Niedaleko tamy, przy drodze stoi wiatka biwakowa, niestety już zagospodarowana a na wyposażeniu śpiący pan, zapewne zmęczony śmiertelnie po spożyciu zawartości szklanych opakowań walających się wokół przewróconej ławki. Kawałek dalej na drodze spotykamy kolejnego delikwenta śledzącego lokalne węże. No cóż, w końcu wolne, Święto Pracy, trza się napić! W samym Jarnołtówku, widać świeżo urządzone miejsce biwakowe z kominkiem, ławkami, stołami, parkingiem, rozważamy chwilę pozostanie tu na noc, jednak po spotkaniu lokalnych konsumentów szybko rezygnujemy. Przechodzimy przez wieś i wkraczamy z powrotem na szlak niebieski, „Przełomem Złotego Potoku”, aby wznieść się na Słoneczny Stok, gdzie znajduje się ponoć jedno z najpiękniejszych miejsc w Górach Opawskich – Skały Karolinki. Faktycznie jest tam pięknie. Wysoko zawieszone ponad Doliną Złotego Potoku łupkowe wychodnie skalne oferują malownicze widoki na samą dolinę i góry na horyzoncie a samo uroczysko obsadzone skarlałą roślinnością sprawia wrażenie, jakbyśmy byli gdzieś w wysokogórskiej krainie. Bardzo tu cicho i tajemniczo, naprawdę warto tutaj zajrzeć.

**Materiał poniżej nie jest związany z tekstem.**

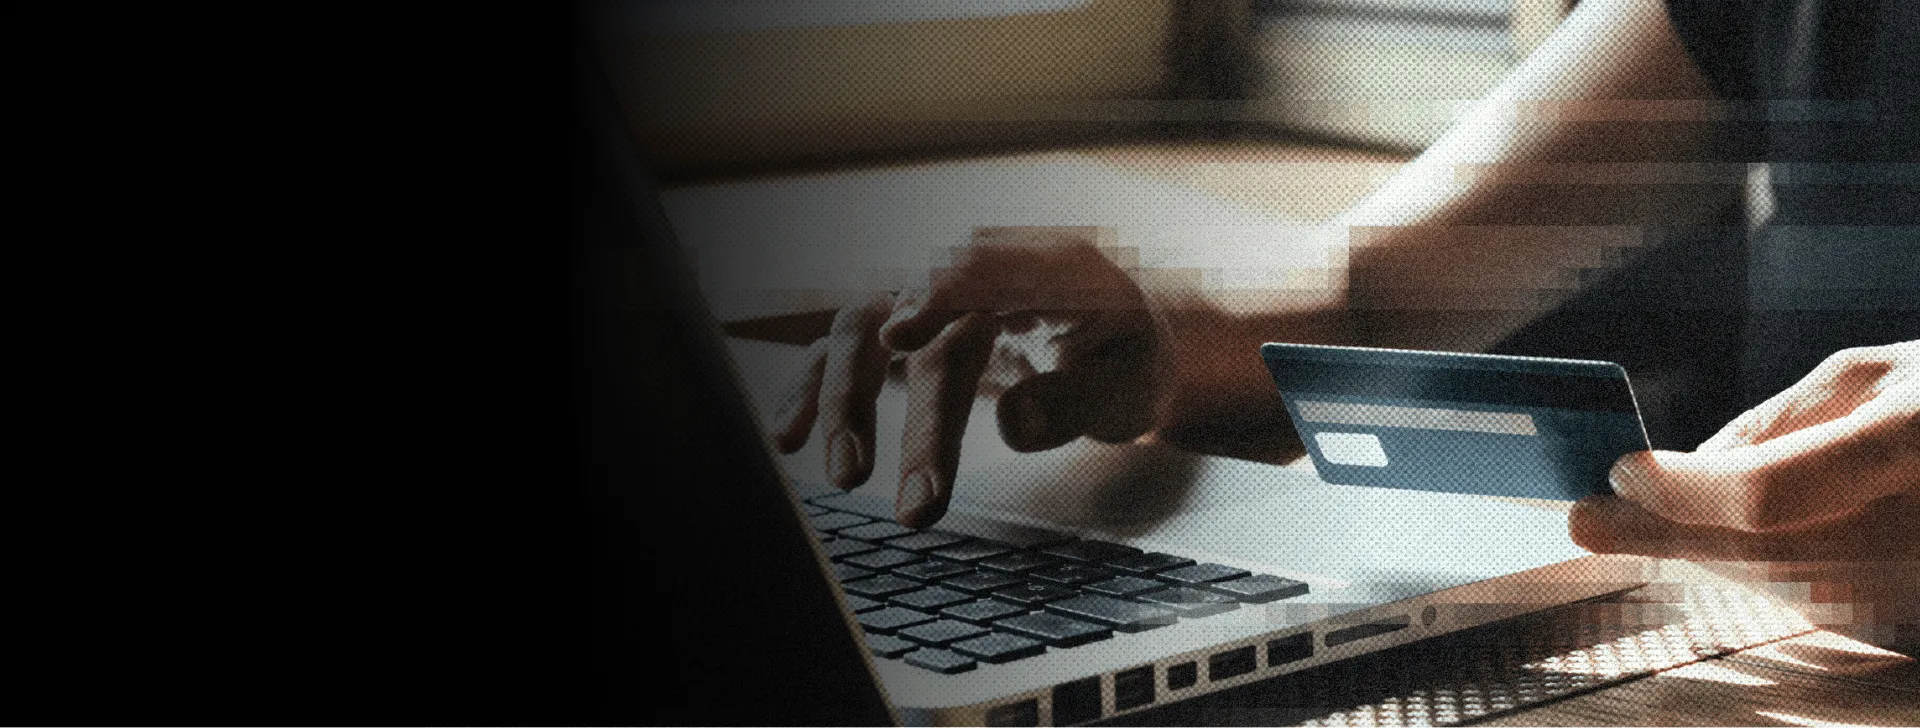 Anticipate and mitigate the effects of payment fraud

Zatoczyliśmy kółeczko prawie 18 km. Piękne te Góry Opawskie, niby podobne do Beskidów, a jednak zupełnie inne. Kończy się wycieczka na dzień dzisiejszy. Odstawiamy Opawskiego do domu, szkoda, że tak krótko… Dziękujemy Ci za ten wspólnie spędzony czas i wszystkie opowieści! Mamy nadzieję, że niedługo będzie okazja do następnego wspólnego wędrowania!
Dzięki Dawidowi mamy także fajną miejscówkę do nocowania, dzikie pole namiotowe niedaleko Pokrzywnej, ławeczki i paleniska, rozstawiamy zatem swój majdan, czyli namiot, tarp i grillowe oprzyrządowanie. Zapach kurczaka z grilla najwyraźniej przyciąga tubylców z daleka, bowiem na ucztę wieczorną wprasza się kot! Niestety kurczak już zeżarty, więc musi zadowolić się mielonką, ale też poprzytulać się do nieznanych państwa nie zaszkodzi… Jesteśmy tu sami, ukryci od drogi poza drzewami i cicho tu, spokojnie, płonie ognisko, muzyka cicho gra i chyba czas na sen…

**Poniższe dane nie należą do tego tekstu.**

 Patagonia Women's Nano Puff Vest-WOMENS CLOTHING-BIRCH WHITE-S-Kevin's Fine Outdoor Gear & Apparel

Dzień 2 – czwartek, 2 maja - Nysa - Otmuchów - Paczków - Lądek Zdrój

Cisza i spokój zakończyły się o 4:50 rano, kiedy obok pola biwakowego przejechał czeski pociąg. Prawie mnie ze śpiwora wyrwało, tak się zlękłam. Udało się jeszcze złożyć głowę do snu. Poranek ciepły i pogodny, wręcz duszny. Nie zapowiada to nic dobrego. Kawa stawia na nogi. Cel na dziś: dostać się w rejon Śnieżnika, znaleźć miejsce na nocleg i modlić się o pogodę, bowiem ma przyjść załamanie, a wiadomo już w całym wielkim świecie, że mamy deszczogenny namiot i nawet tarp nas od niepogody nie uchroni. Ruszamy zatem w objazdówkę i po drodze postanawiamy poszukać kwatery, co w majówkę wydaje się być niełatwe. Ale o tym później. Poniżej fotorelacja:


Nysa-Kościół Wniebowzięcia NMP XVIIw.

Nysa-Kościół Wniebowzięcia NMP XVIIw.



Katedra nyska czyli kościół Św. Jakuba i Św. Agnieszki 1401-1430r.


Katedra nyska

Katedra nyska

Nysa - Rynek

Otmuchów - zamek biskupów

Otmuchów Kościół pw. św. Mikołaja i Franciszka Ksawerego XVw.

Otmuchów Rynek z Ratuszem
Widok z wieży zamkowej




Końskie Schody -zamek

Zamek Biskupi w Otmuchowie XIIIw.

Jezioro Otmuchowskie





Paczków Kościół p.w. Matki Bożej Nieustającej Pomocy 1902r.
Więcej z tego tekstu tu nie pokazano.